_Work to complete_: With the pictures omitted, transcribe each line below exactly as it is.

_Data extract_:
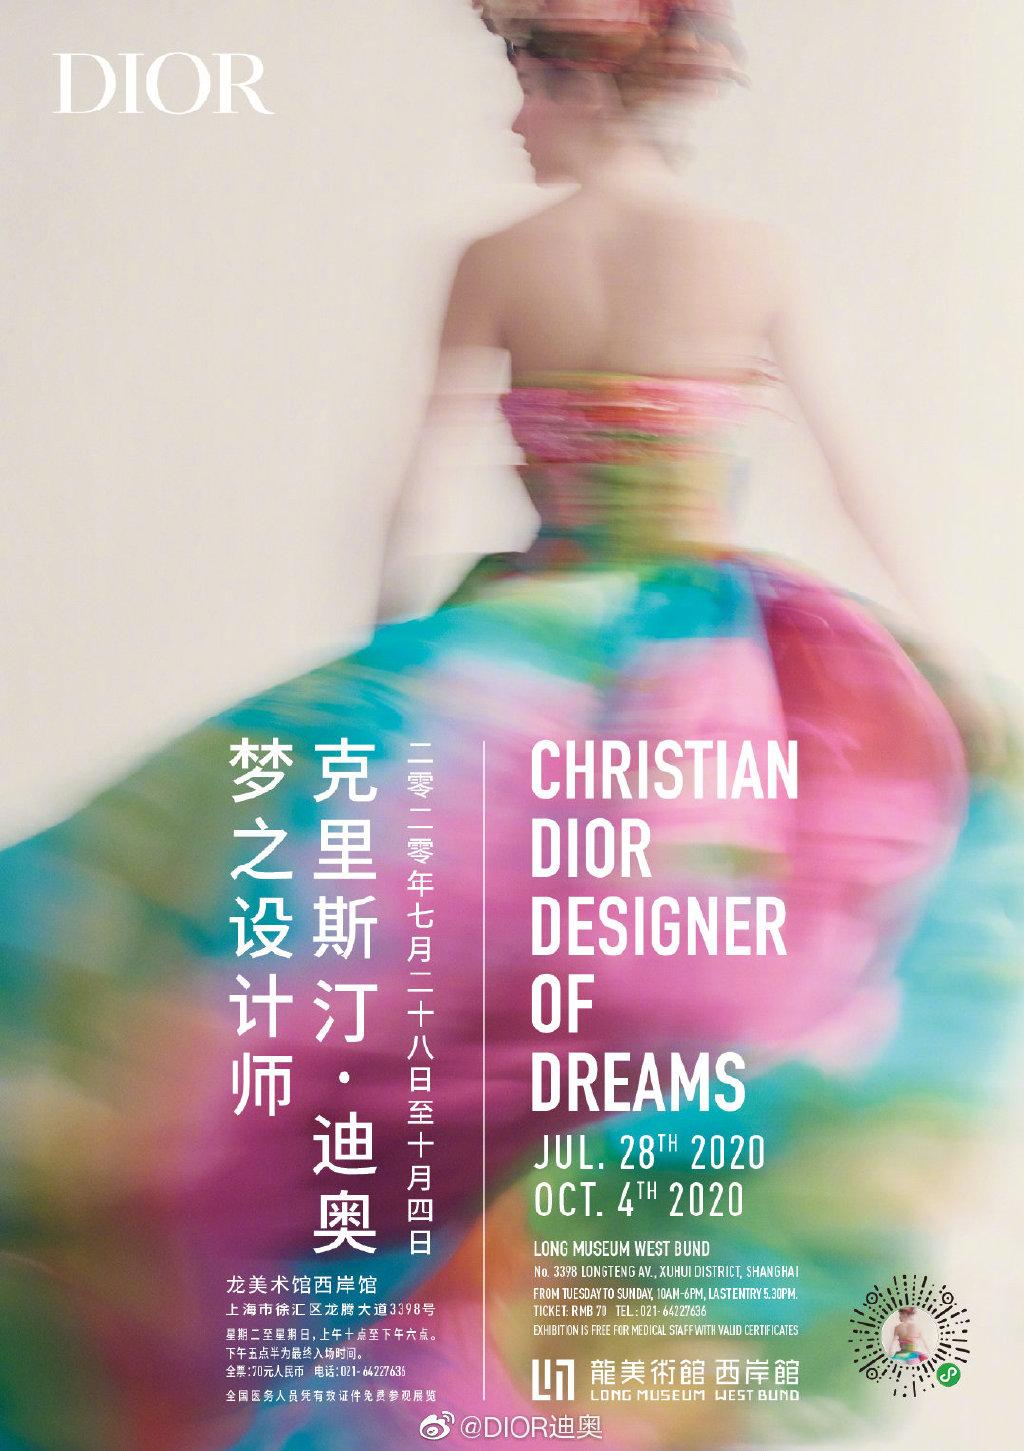 """克里斯汀•迪奥,梦之设计师(CHRISTIANDIOR,DESIGNEROFDREAMS)""""展览于上海揭幕"""
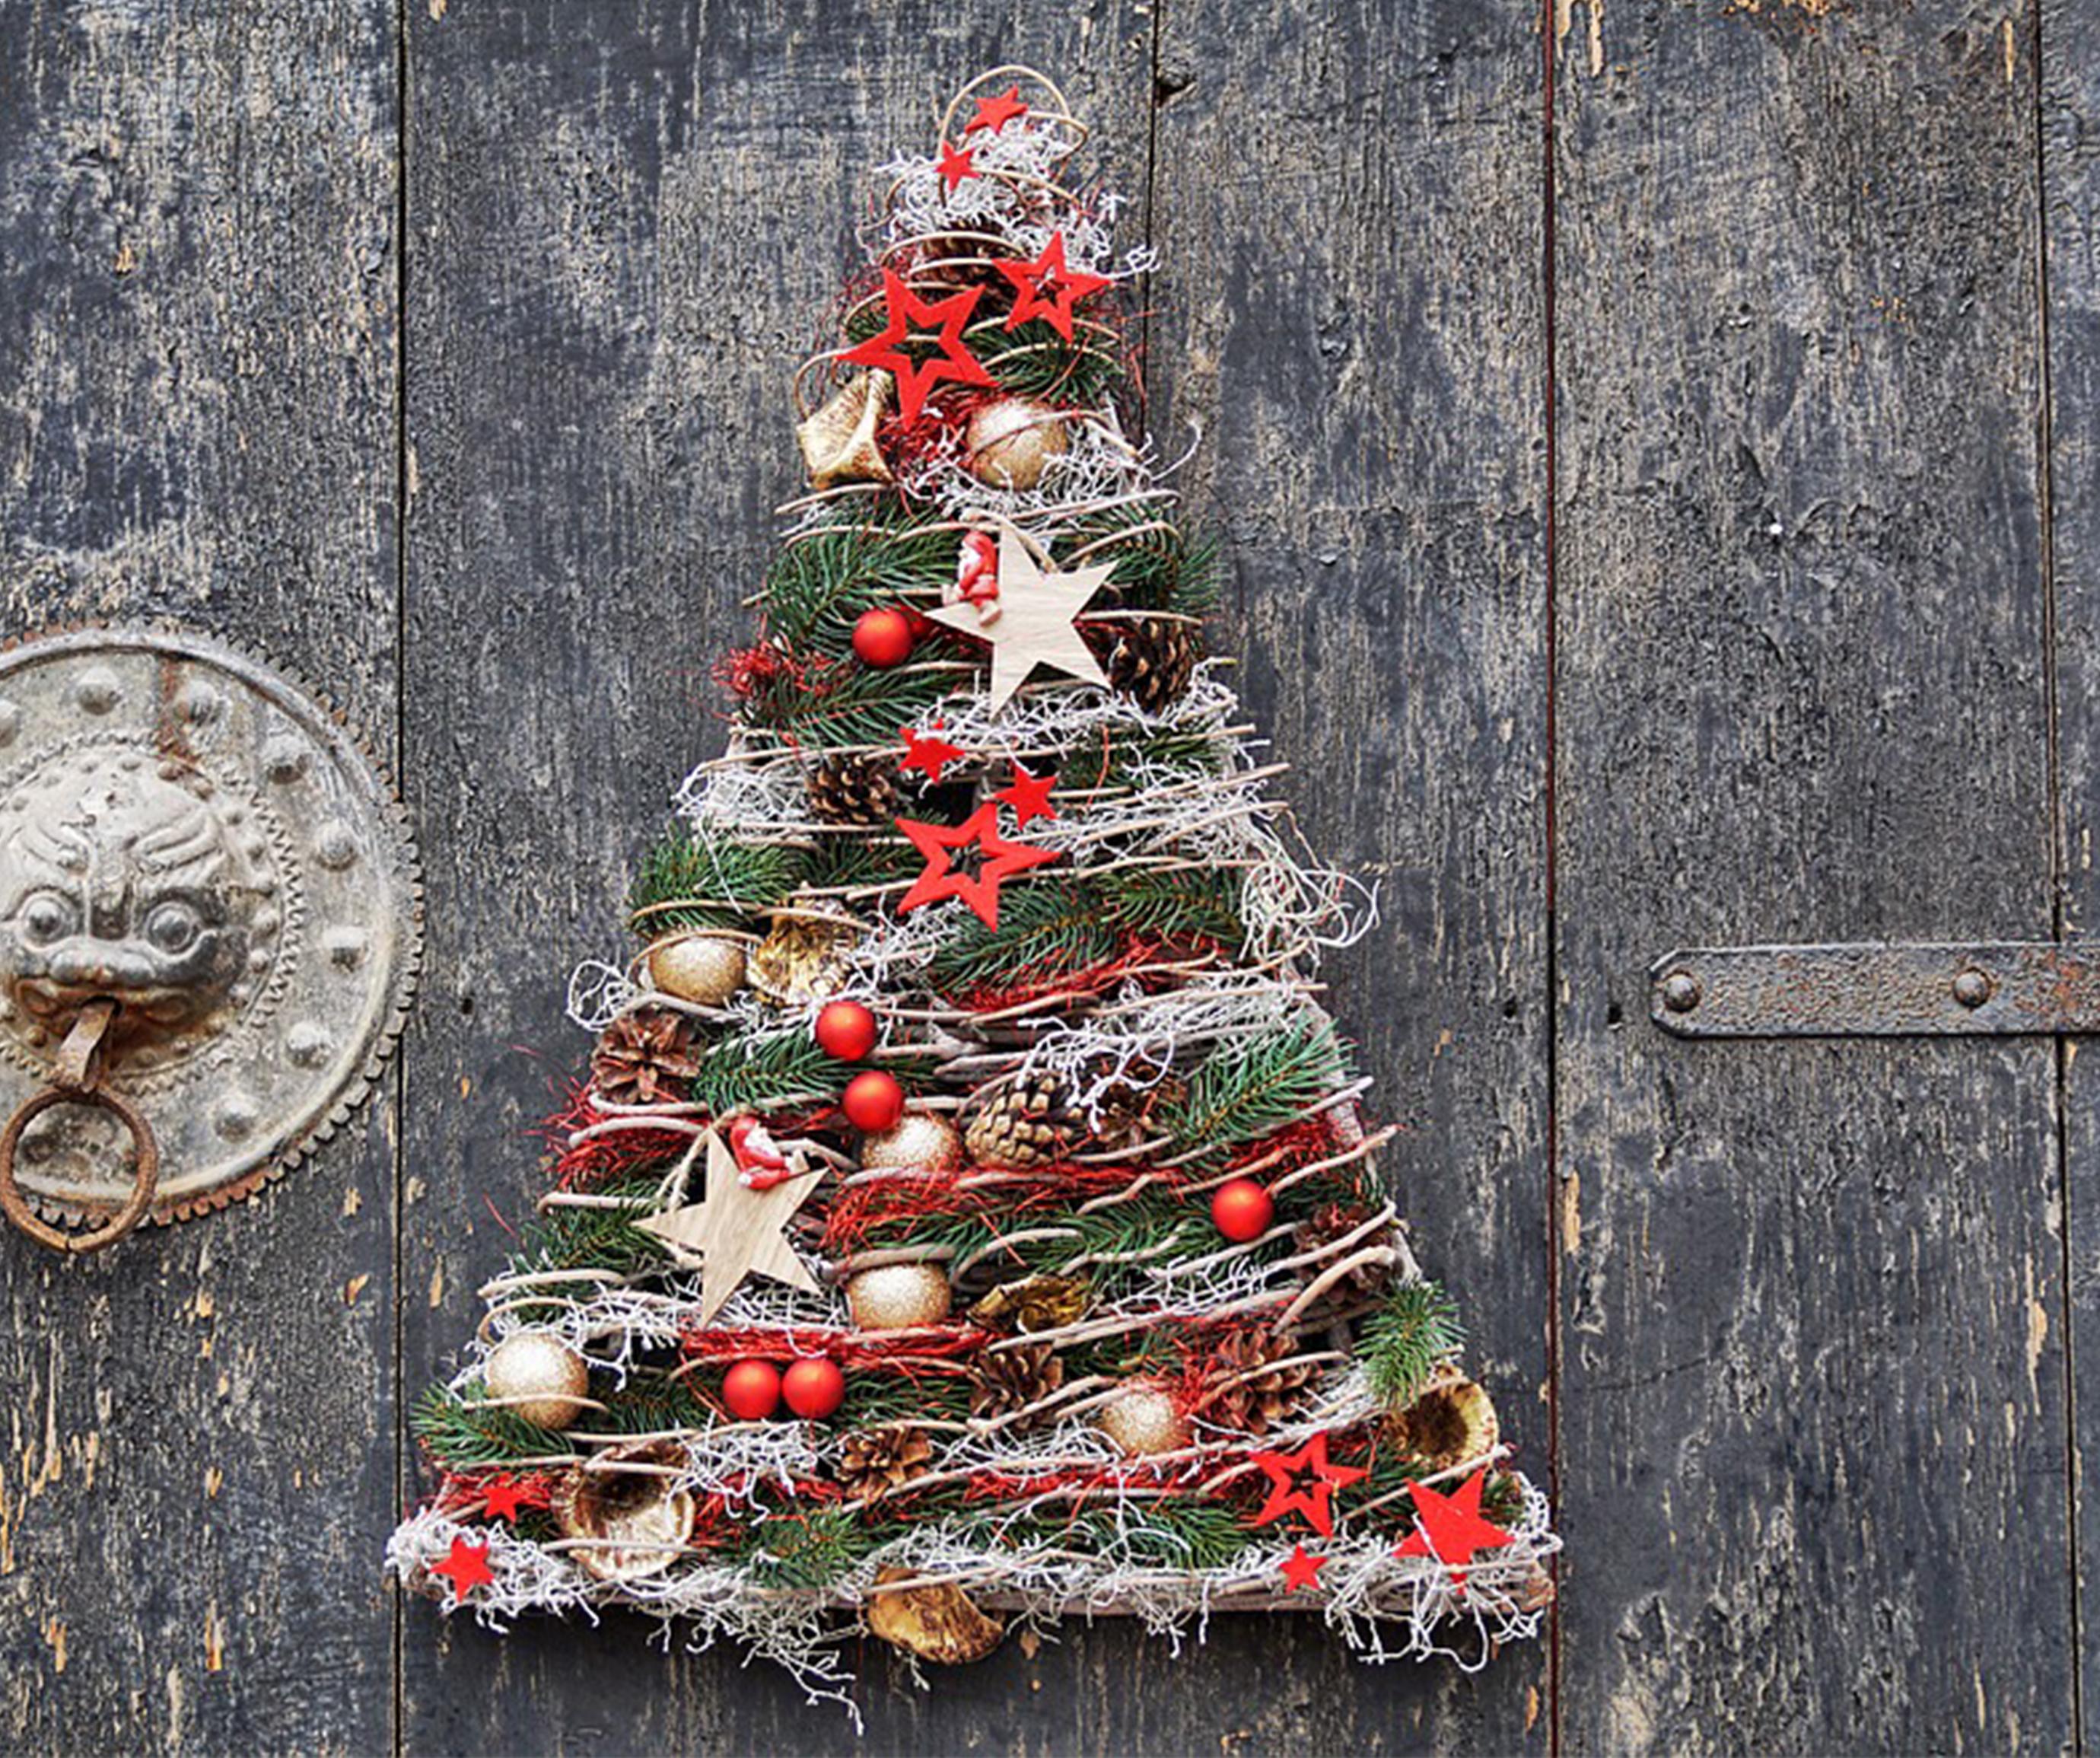 Veľkokrtíšsky vianočný stromček
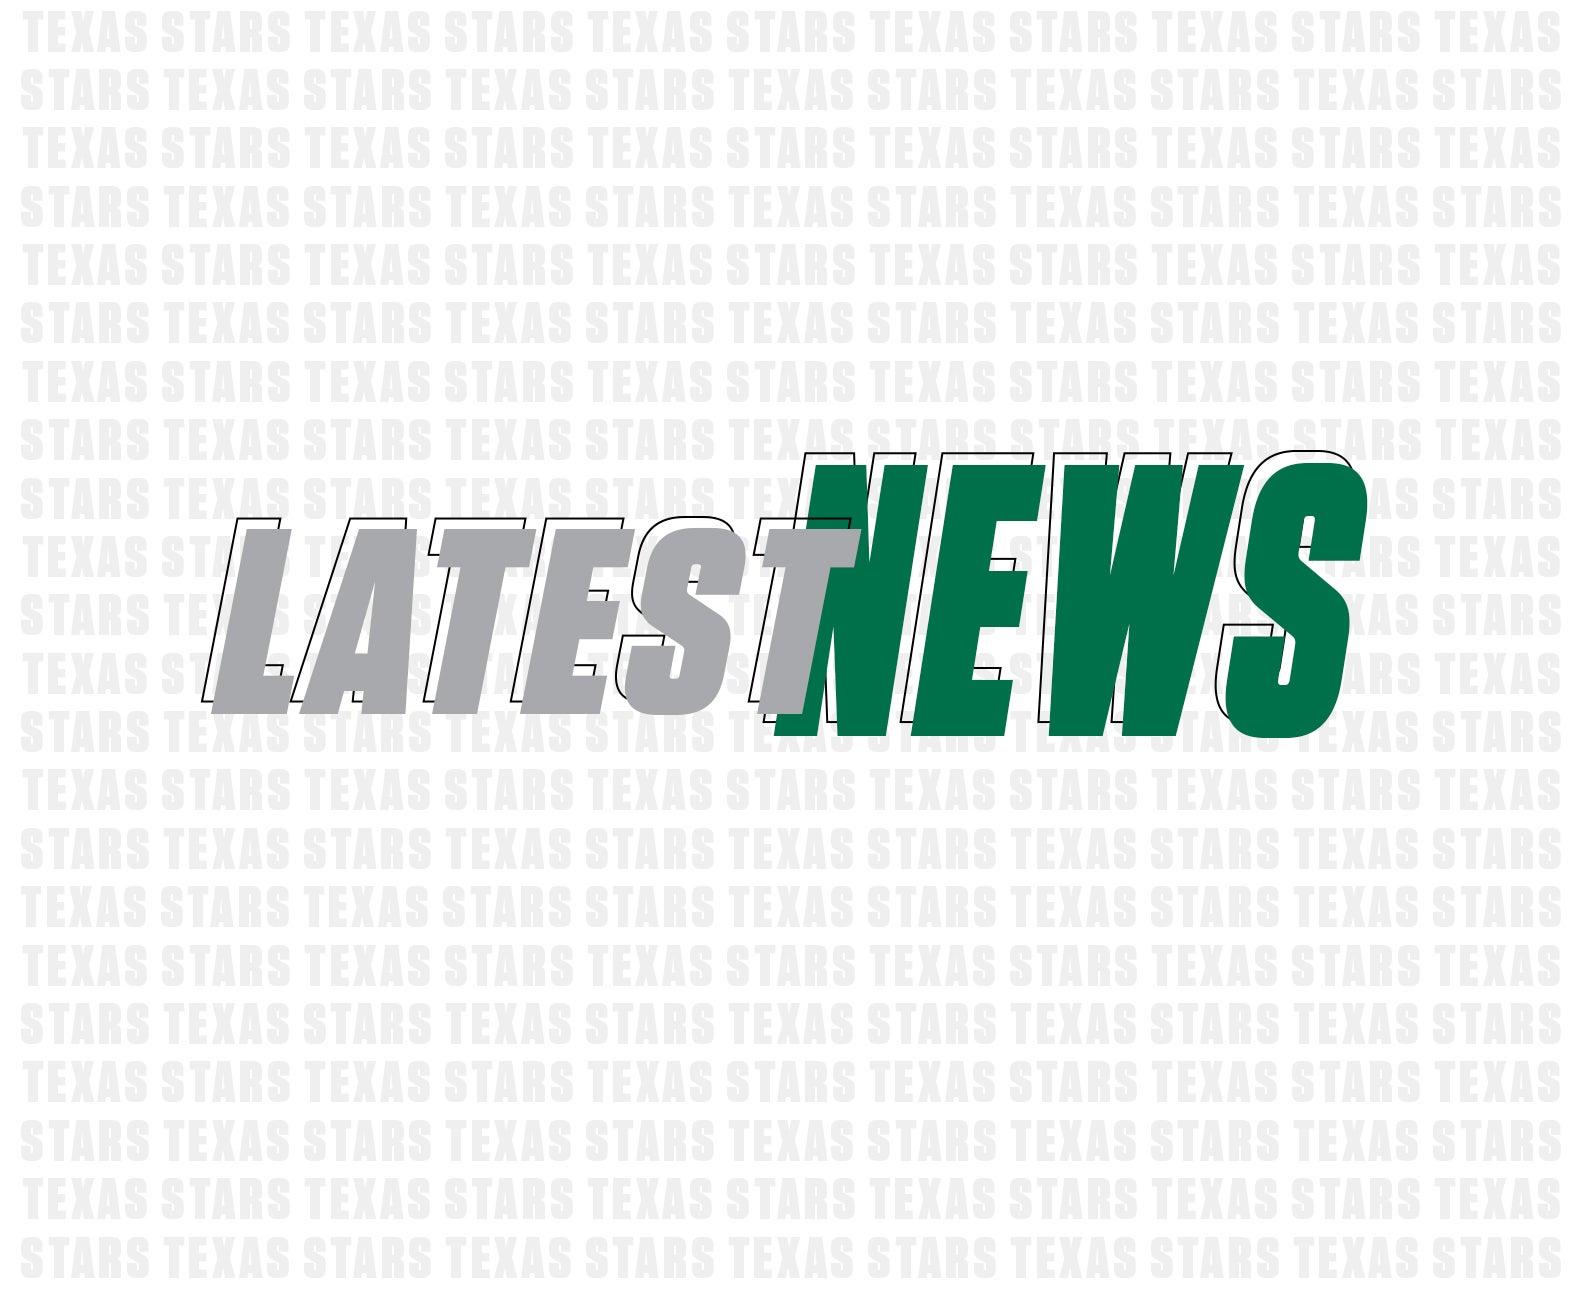 2122WebsiteButtons-Latest News.jpg

_Task result_:
 """克里斯汀•迪奥,梦之设计师(CHRISTIANDIOR,DESIGNEROFDREAMS)""""展览于上海揭幕"""
 Veľkokrtíšsky vianočný stromček
 2122WebsiteButtons-Latest News.jpg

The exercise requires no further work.